**Work required**
Could you give back exactly the lines below from the one with "LEGO Technic 42181" through the one with "Axolotl Wallpapers Top", without a single picture?

**Data to process**
● ● ● ●

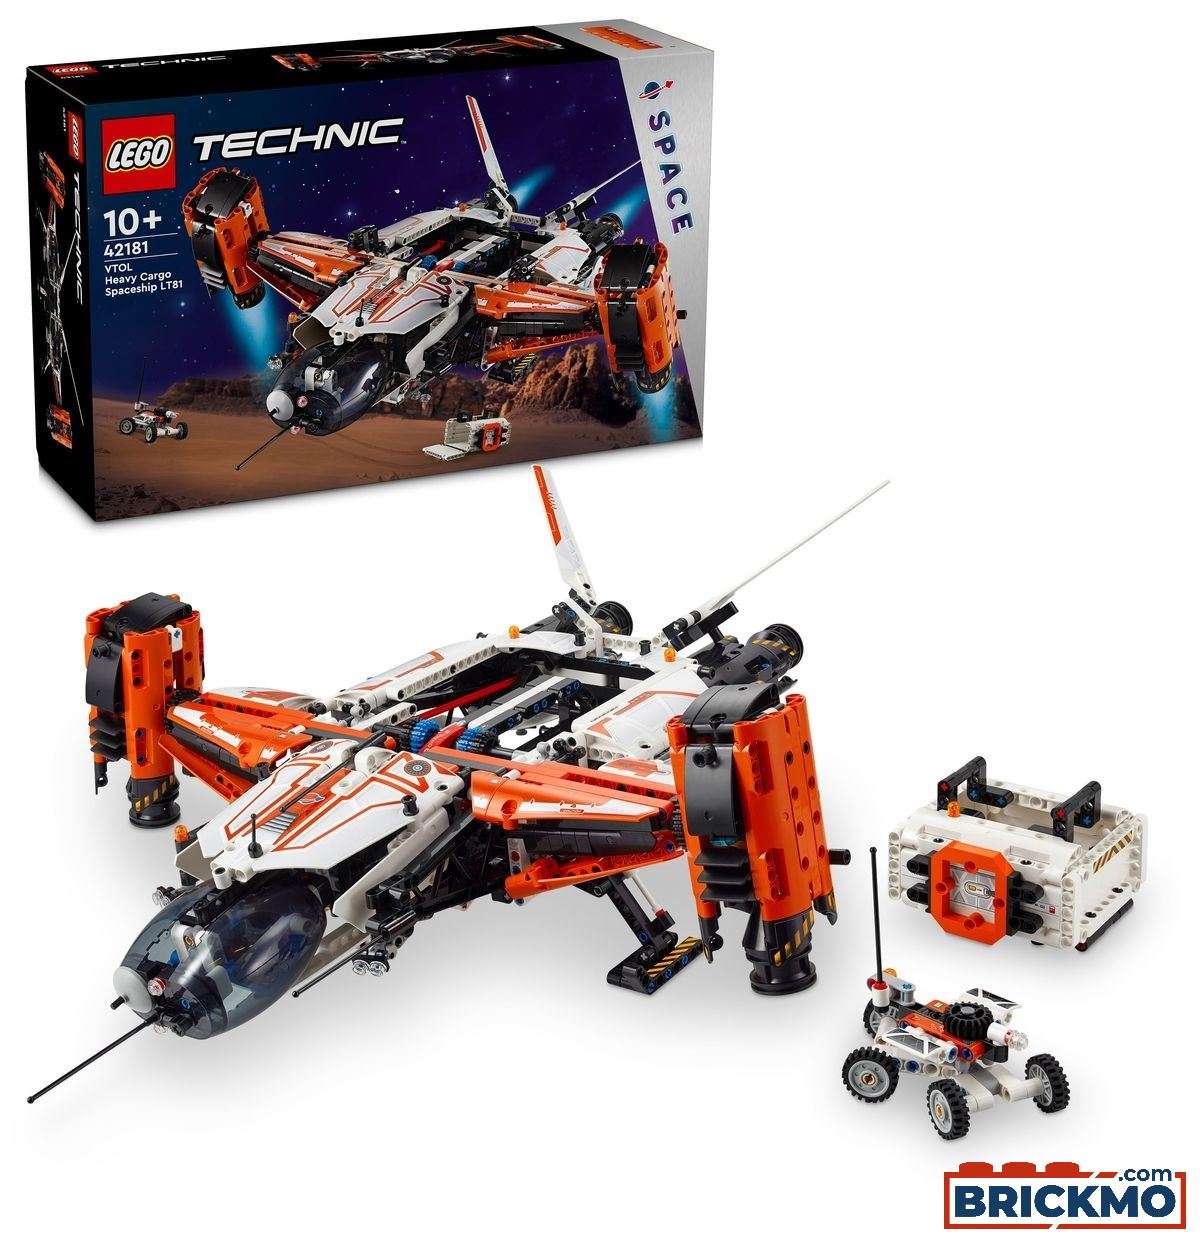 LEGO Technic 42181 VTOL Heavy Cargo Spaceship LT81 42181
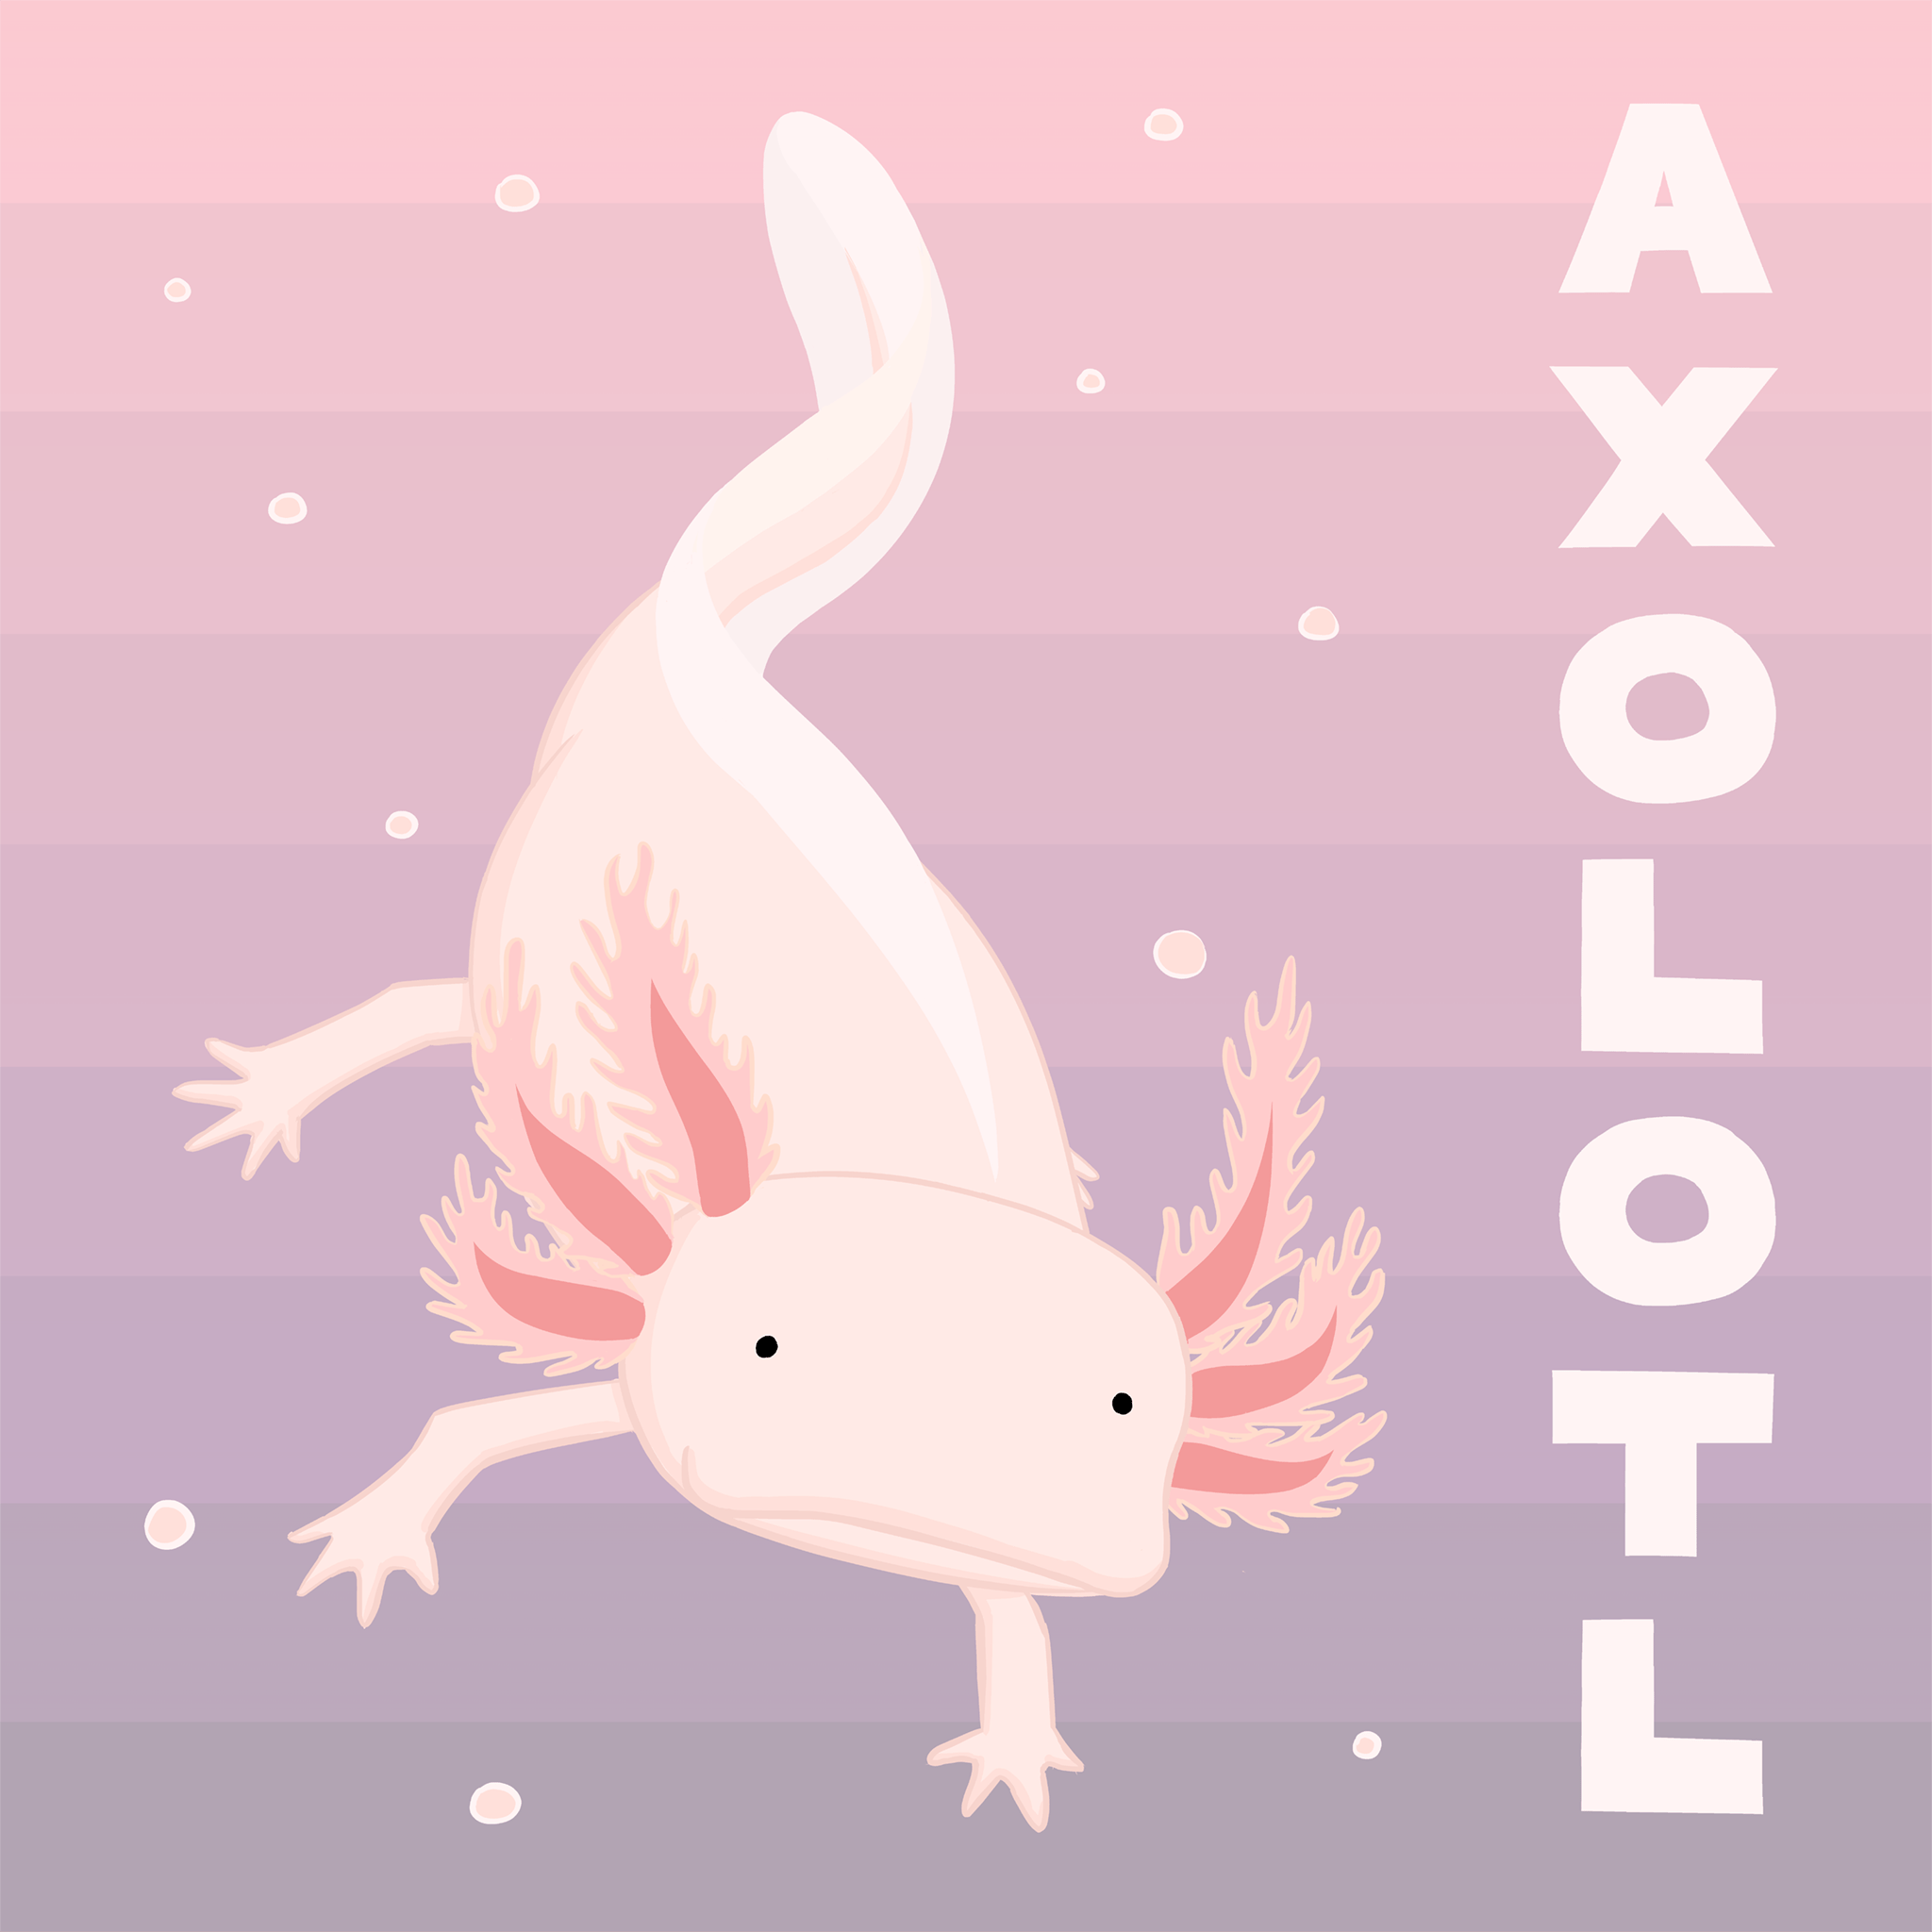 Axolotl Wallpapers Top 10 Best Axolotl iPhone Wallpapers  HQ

● ● ● ●

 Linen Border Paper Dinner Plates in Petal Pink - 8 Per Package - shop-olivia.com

● ● ● ●

**Exercise answer**
 LEGO Technic 42181 VTOL Heavy Cargo Spaceship LT81 42181
 Axolotl Wallpapers Top 10 Best Axolotl iPhone Wallpapers  HQ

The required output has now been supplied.